The influence of geographical and cultural issues on the cache proxy server workload

Vírgilio F. Almeida, Márcio G. Cesário, Rodrigo C. Fonseca,
Wagner Meira Jr., and Cristina D. Murta*

Computer Science Department, Federal University of Minas Gerais,
Belo Horizonte, MG, Brazil

virgilio@dcc.ufmg.br, magc@dcc.ufmg.br,
rfonseca@dcc.ufmg.br, meira@dcc.ufmg.br, and
cristina@dcc.ufmg.br

Abstract
A key characteristic of the Internet is its global diffusion, that shows a rapid growth of the number of hosts and international links around the world. The diffusion of the Internet has been accompanied by serious performance problems, such as long response times, server overload and network congestion. Caching has been used as a standard solution to minimize the problem. In this paper, we analyze logs of caching proxy servers and show evidence that geographical, cultural and social issues have a strong influence on the workload of a proxy server. Therefore, the cultural and social context provide relevant information to plan efficient caching proxy architectures.

Keywords
WWW, Caching; Internationalization; Internet; Performance

1. Introduction

A key characteristic of the Internet is its global diffusion, that shows a rapid growth of hosts and international links around the world [10]. The fastest growing nations between 1996 and 1997 were Japan, Malaysia, Singapore, Korea, and Brazil, which confirms the widespread penetration of the information society. However, reference [8] also shows that the exponential growth of the Internet has been accompanied by serious performance problems. To minimize these problems, caching proxy servers have been used as a solution to reduce server overload and network congestion, as they attempt to bring the data as close to the client as possible.

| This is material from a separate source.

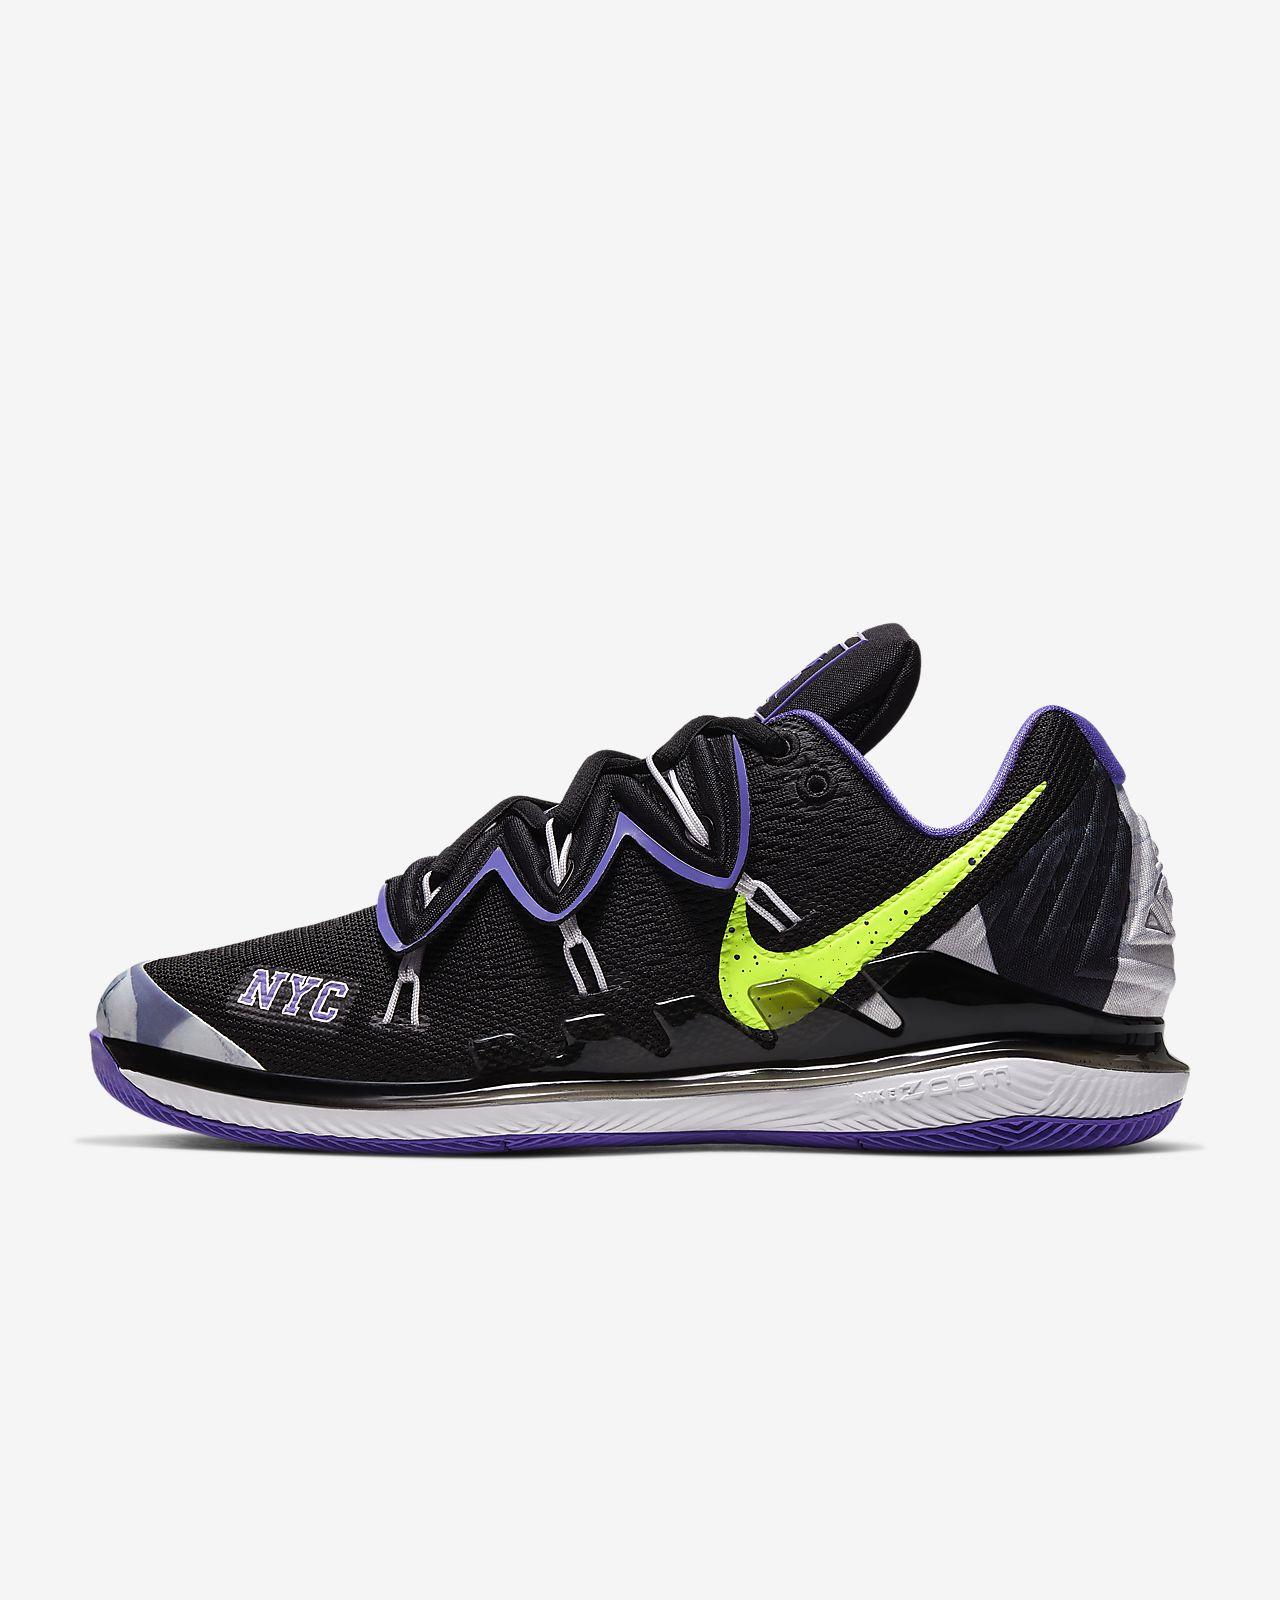 NikeCourt Air Zoom Vapor X Kyrie 5-hardcourt-tennissko til mænd

The way users access the Internet depends heavily upon the telecommunication infrastructure and social context of each country. Thus, to understand the performance behavior of the WWW, one must consider geographical, cultural and social issues. Based on the analysis of different proxy server logs, this paper shows evidence of the influence of these issues on the workload of caching proxy servers. Our approach is to examine the meaning of statistics drawn from logs of a busy Brazilian proxy server in light of geographical and cultural issues.

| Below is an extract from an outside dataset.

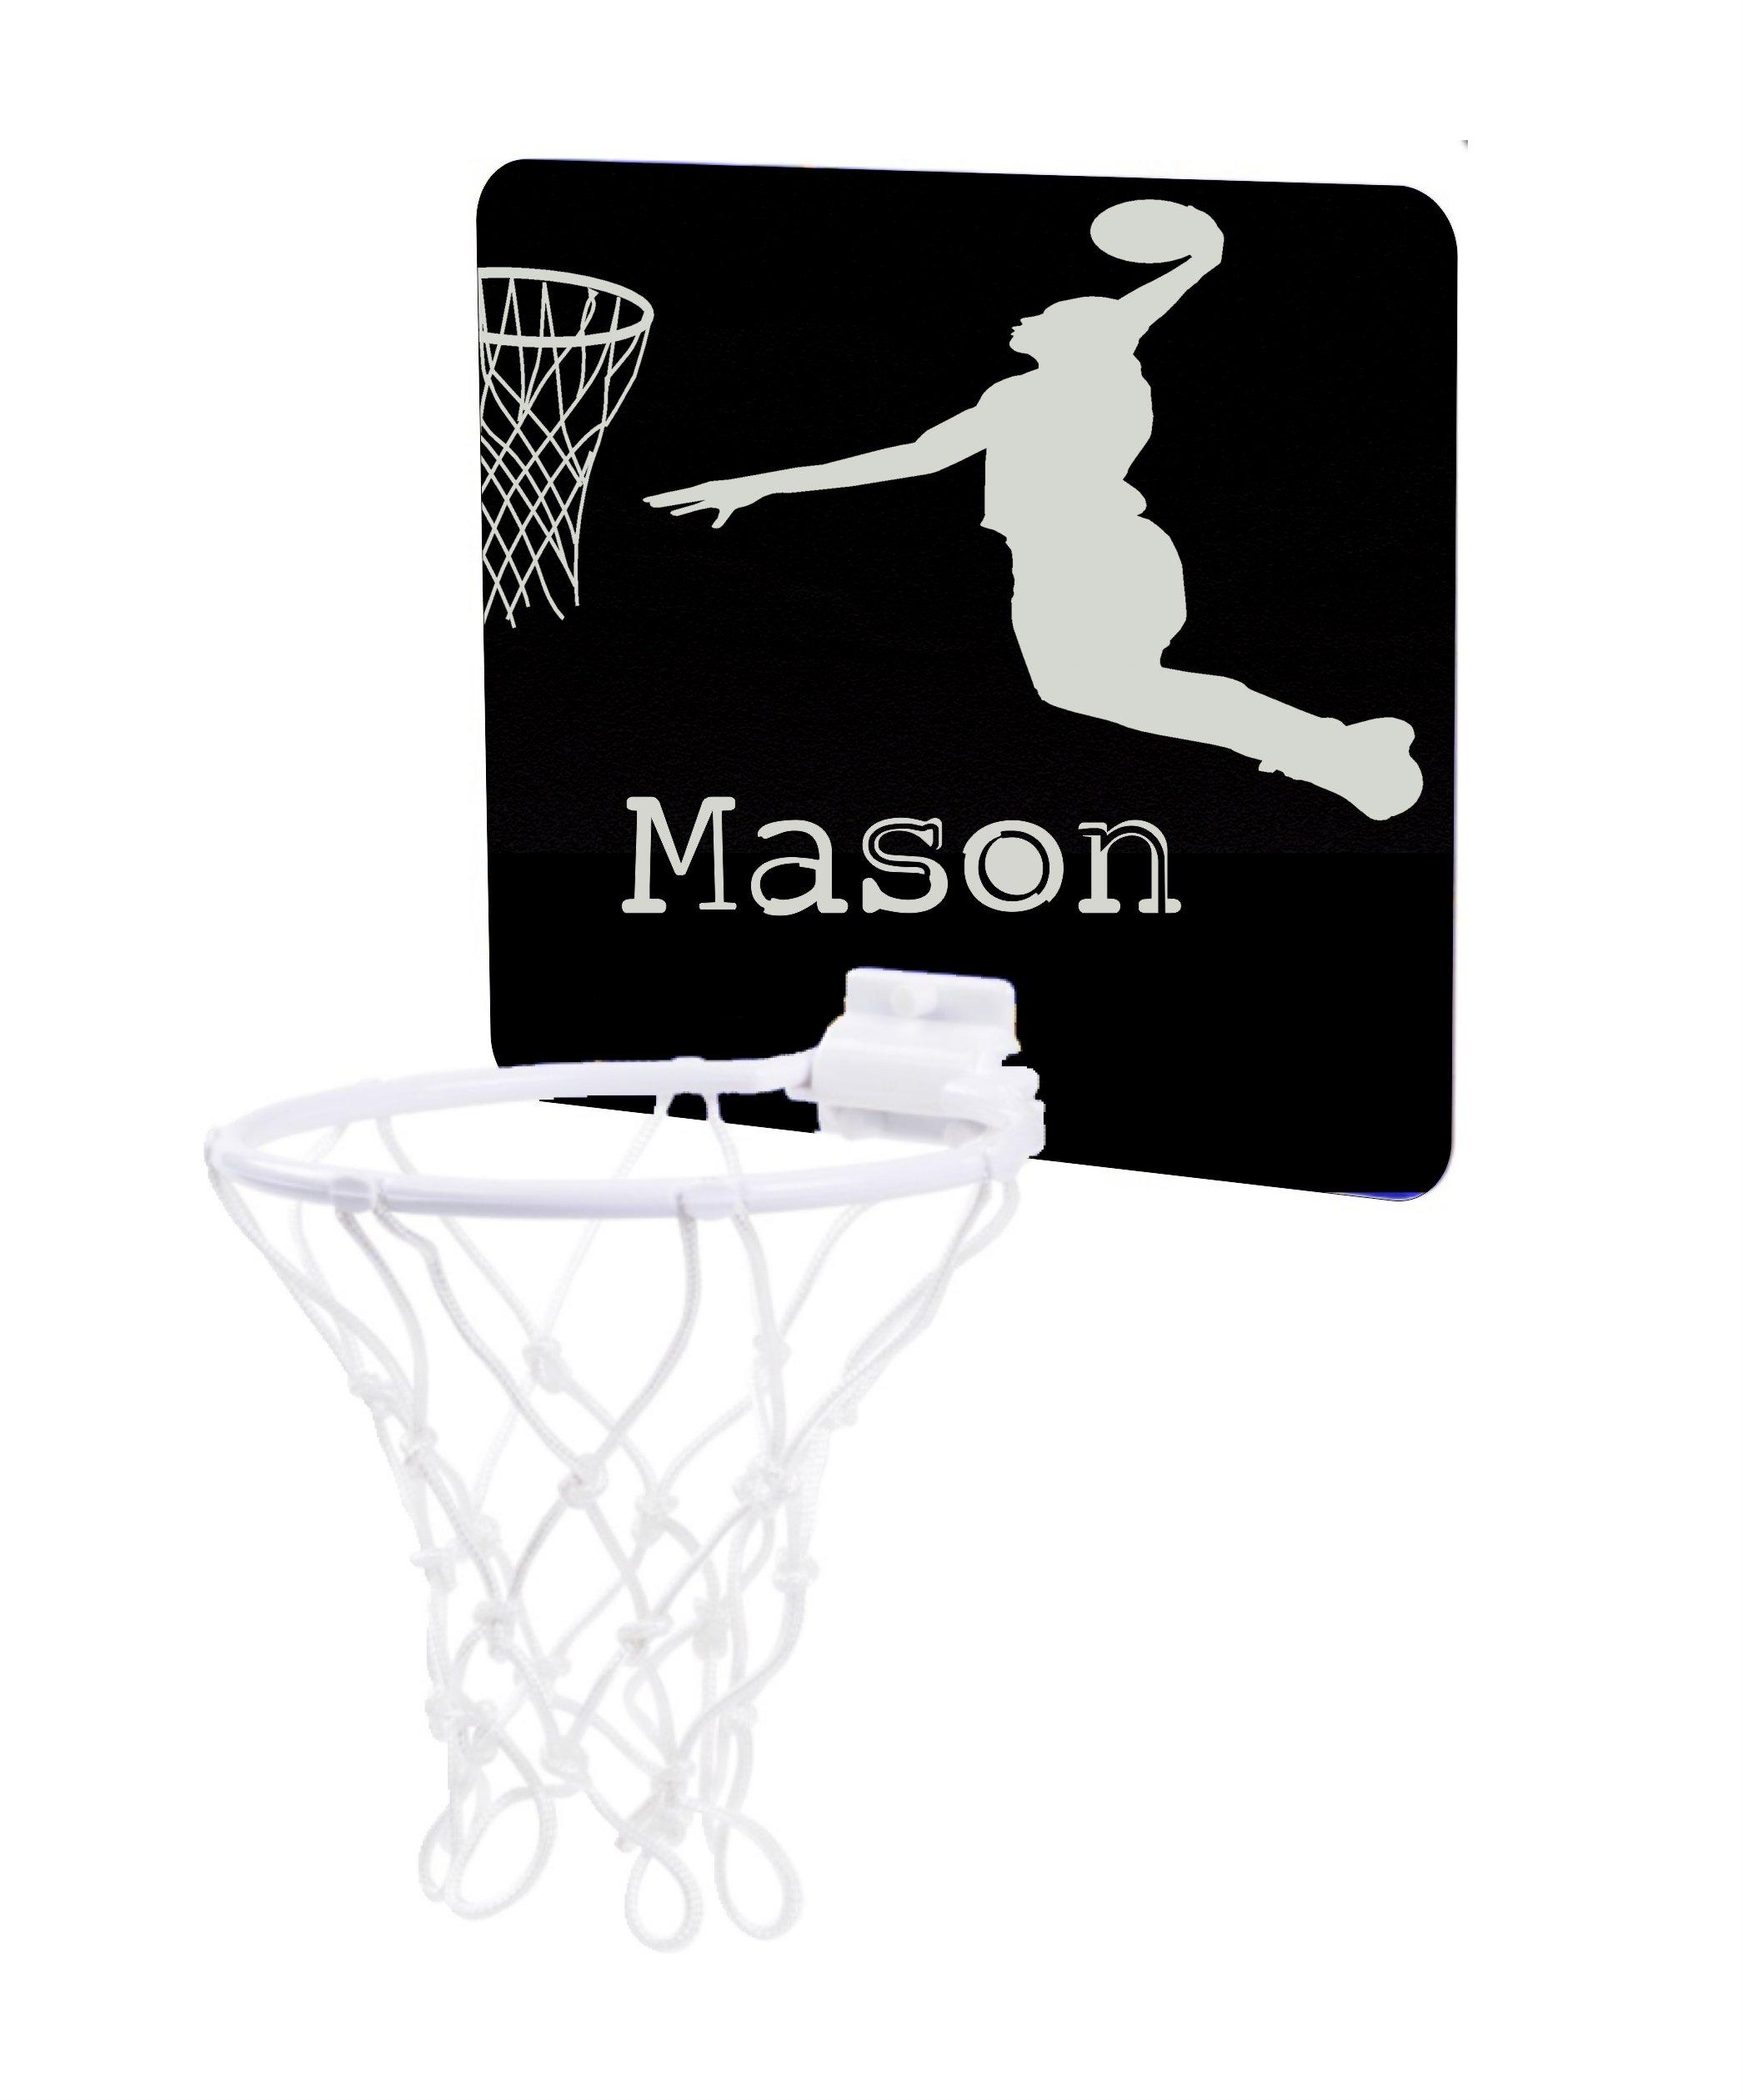 Jacks Outlet Basketball Player Silhouette - Custom Unisex Childrens 7.5'' x 9'' Mini Basketball Backboard - Goal with 6'' Hoop

Characteristics of Web cache workloads have been studied in many references [5,2]. None of them make mention on geographical, social or cultural influence. Some studies help to understand the relevance of geographical aspects related to caching [6,9]. To our knowledge, there is no reference that investigates the relationship between cache workload and cultural and social issues.

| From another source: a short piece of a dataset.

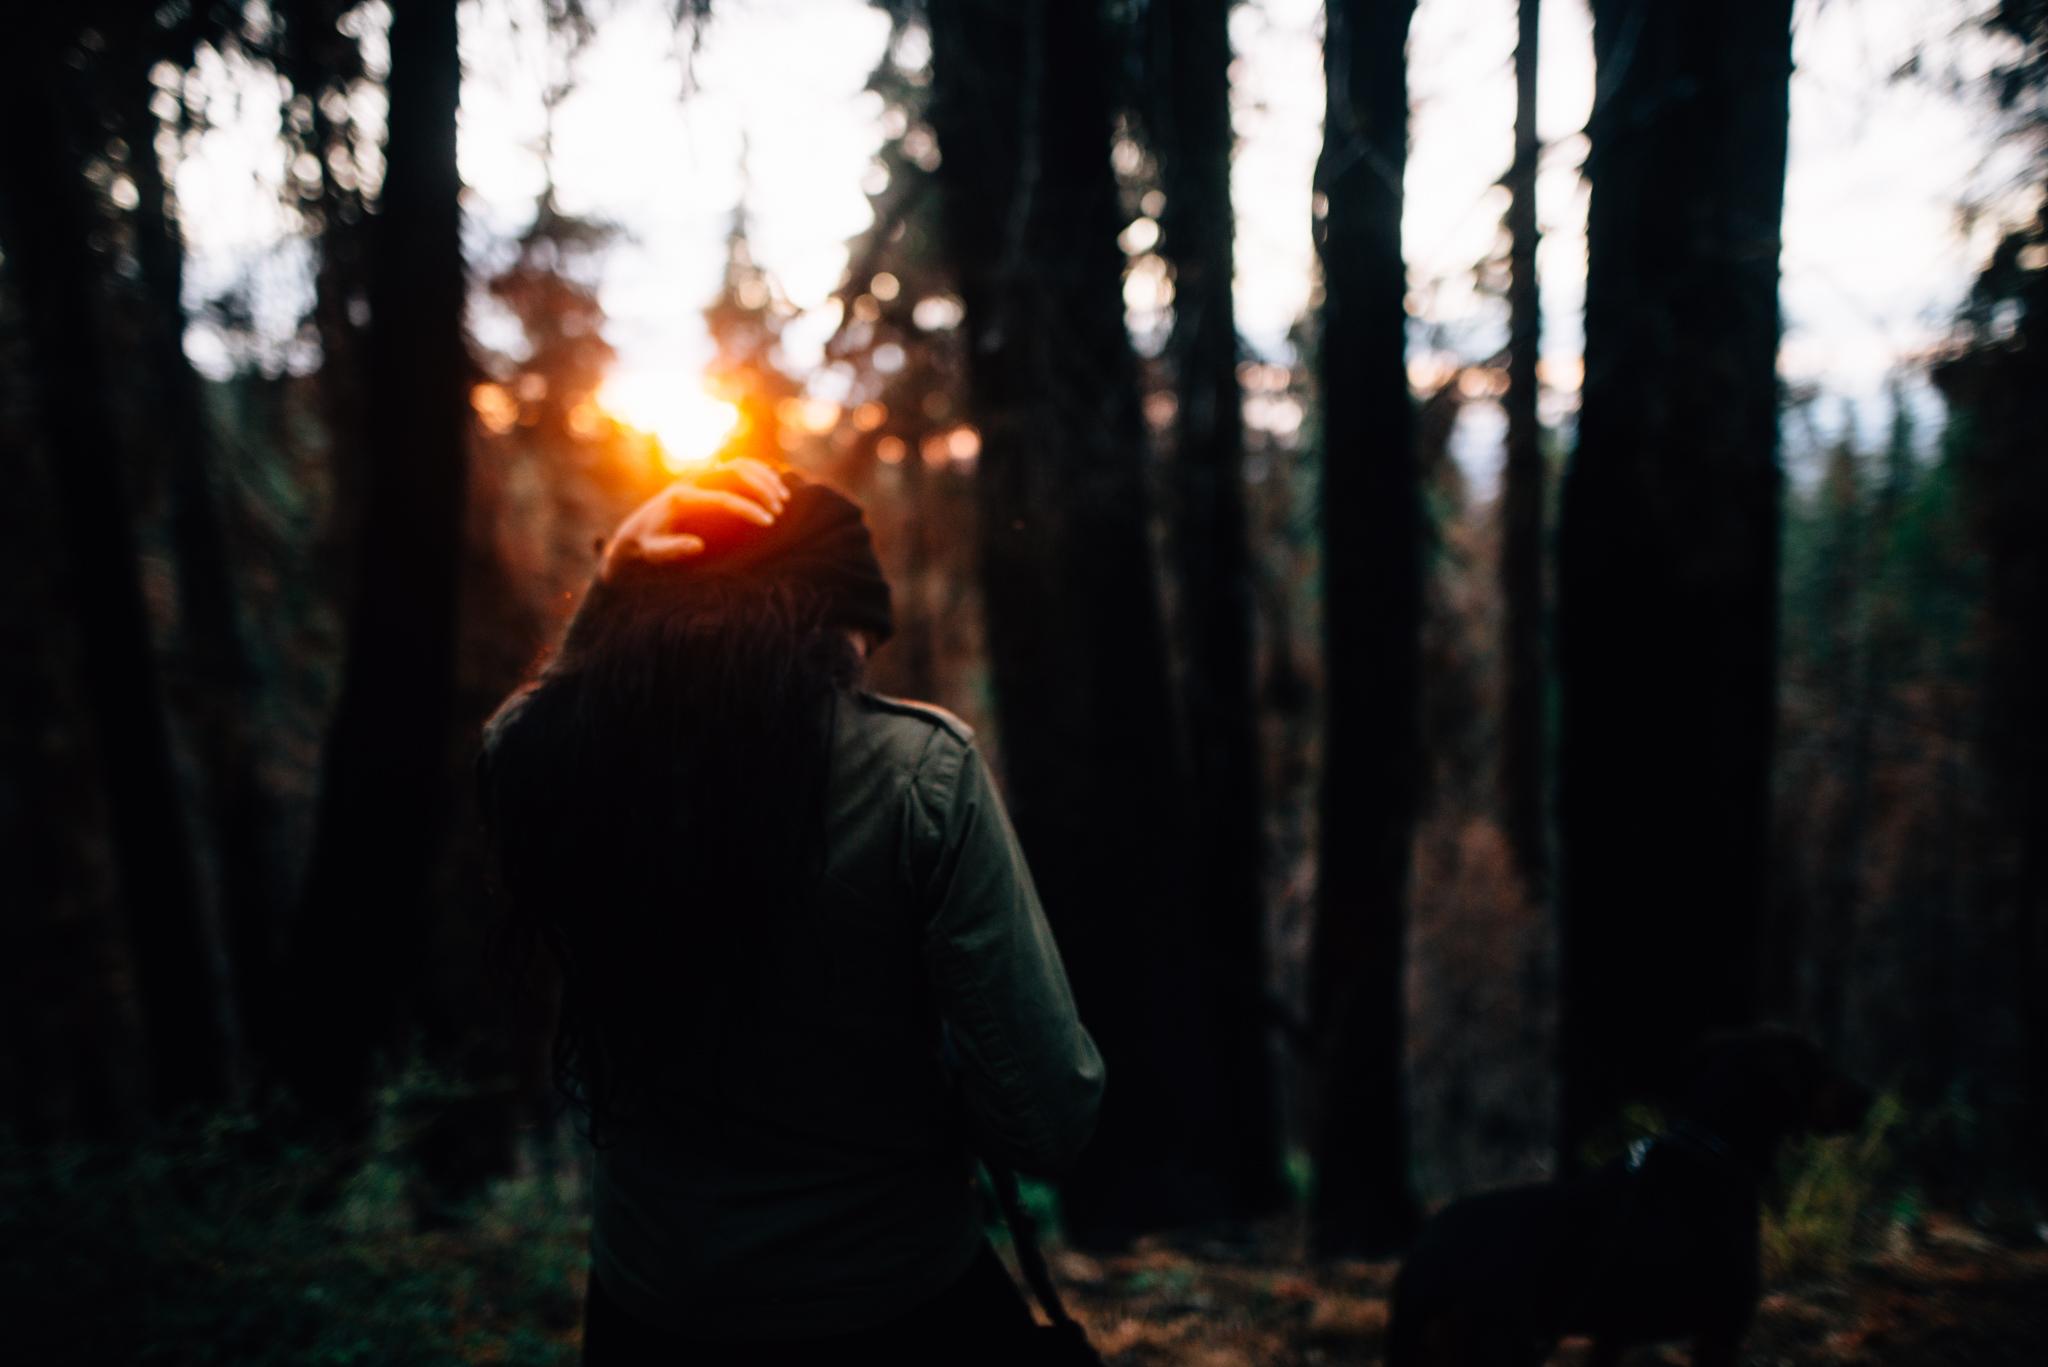 ©The Ryans Photography - Los Angeles Travel - Tuolomne Meadows Yosemite-042.jpg

2. The Internet infrastructure in Brazil

  The history of the Internet in Brazil dates back to 1989, with the implementation of the National Research Network's backbone (RNP), which provides Internet access throughout the country. Points Of Presence (POPs) were created in most states of the country, to provide universities and institutions with a link to the Internet. Like other countries, Brazil has watched exponential growth of the Internet in its territory. As of January 1997, Brazil stands as the 19th country in number of hosts in the world, and the 3rd of the Americas, after US and Canada. According to [11], the number of .com hosts in the Brazilian national domain (.com) has grown 1947% from January 1996 to July 1997.

Analyzing logs

Cache proxy servers throughout the world exhibit different access patterns. Using data available at [4], we compiled statistics for cache proxy servers in several countries. We observed that in five countries, USA, Brazil, Japan, Italy, and Taiwan, the majority of accesses is to the their national domain. However, in other countries, like Belgium and the Netherlands, most accesses are directed to the .com domain. The hit ratio for objects in the national domain is always higher than the one for objects from other domains.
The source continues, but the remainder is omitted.